The key point is $X(t)$ cannot be known definitively at any time $t$, but by deciding what type of process it is, or by making certain assumptions, we can make probabilistic statements about it, of observables. For example, the Langevin equation for a mass in a medium subjected to noise is,
$$m\ddot{\vec{x}} = -\gamma \dot{\vec{x}} - \nabla V + \vec{f}(t)$$
where $\vec{f}(t)$ is the random noise, and $V$ is a potential. In the case of $m = 0$ and $V=0$ for simplicity, although we cannot write down deterministically $\vec{x}(t)$, it can be shown (under assumptions),
$$\langle \left( \vec{x}(t)-\vec{x}(0)\right)^2 \rangle = \frac{1}{\gamma^2} \int_0^t dt'_1 \int_0^t dt'_2 \, \langle \vec{f}(t'_1) \cdot \vec{f}(t'_2) \rangle$$
that is, we can comment on the variance of position based on correlation functions of the noise. If we assume a delta distribution for $\langle f_1 \cdot f_2 \rangle$, the noise is white noise, and $\vec{x}(t)$ is what we call Brownian motion, with a root-mean-square distance going as $\sqrt{t}$.  
This does not mean $\vec{x}(t)$ is not random, it simply means we can comment on the way statistical properties of the system evolve with time.

Additional Resources
Handbook of Stochastic Methods provides a readable introduction to stochastic calculus, with applications to physical problems.
If you'd like to see how this can be applied to something less 'mainstream', The Theory of Polymer Dynamics by Doi and Edwards is an excellent and thorough text in which some of these methods, among others, are used to study the dynamics of polymers. (No chemistry or biology knowledge needed at all.)
A: 
I know "Random motion" is non-deterministic unpredictable motion of a particle.

Random motion refers to the movement of any object, and uses the definition of the word random as it used in ordinary language, that is unpredictable and seemingly nondeterministic. Although I should stress that truly random motion, or random anything in nature,  is almost always pseudorandom, in that there is generally a pattern to it in some sense, it is simply hidden under varying levels of  complexity.
I can think of only one phenomenon that can produce the most accurate version of true randomness. Take a lump of any radioactive material, with a suitable short half life. Arrange a mechanism to provide motion in any direction to say, a toy car. Then every time there is a radioactive decay, it would set the toy car off in an unpredictable pattern.
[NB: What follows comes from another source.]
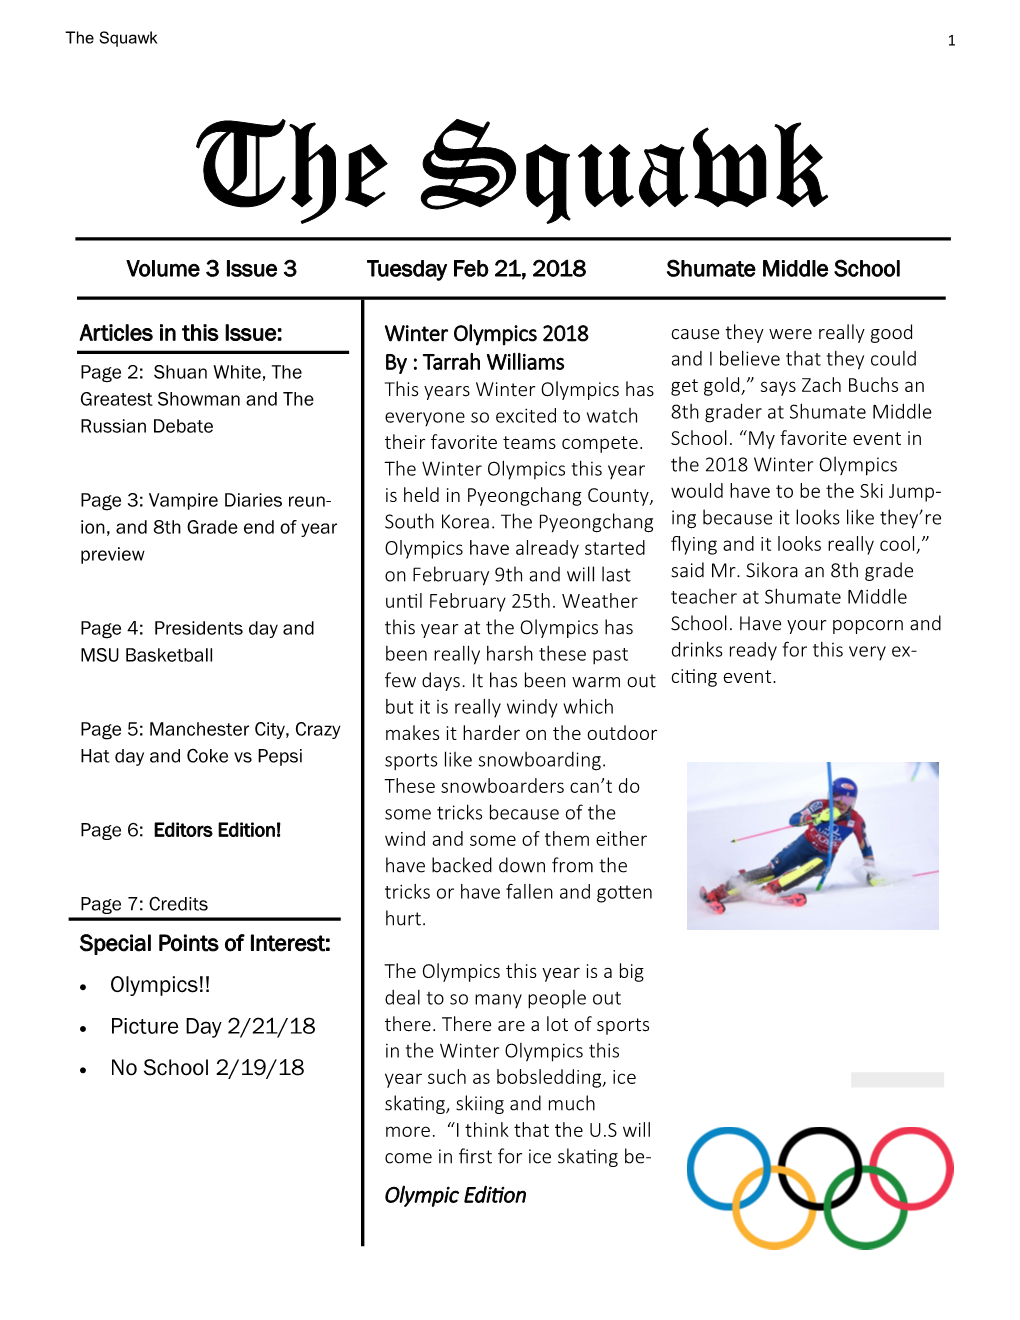 Articles in This Issue: Special Points of Interest: • Olympics!! • Picture Day 2/21/18 • No School 2/19/18 Volume 3 Issue

But it seems "Brownian motion" has some form of determinism as we can predict the pattern created by path taken by particle in long term.

Brownian motion is specifically the apparent motion of atoms and molecules, on a microscopic scale in a fluid medium. Again it could/should  be classed as pseudorandom, as there are often obvious cause and effects involved. For instance,  if water molecules are heated they will increase their motion in accordance with various well known physical laws, such as the Maxwell probability law relating to velocities. 
So Brownian motion may in general be considered less random than other forms of randomness, it would need a comparison on a case by case basis to establish which motion is more influenced by randomness.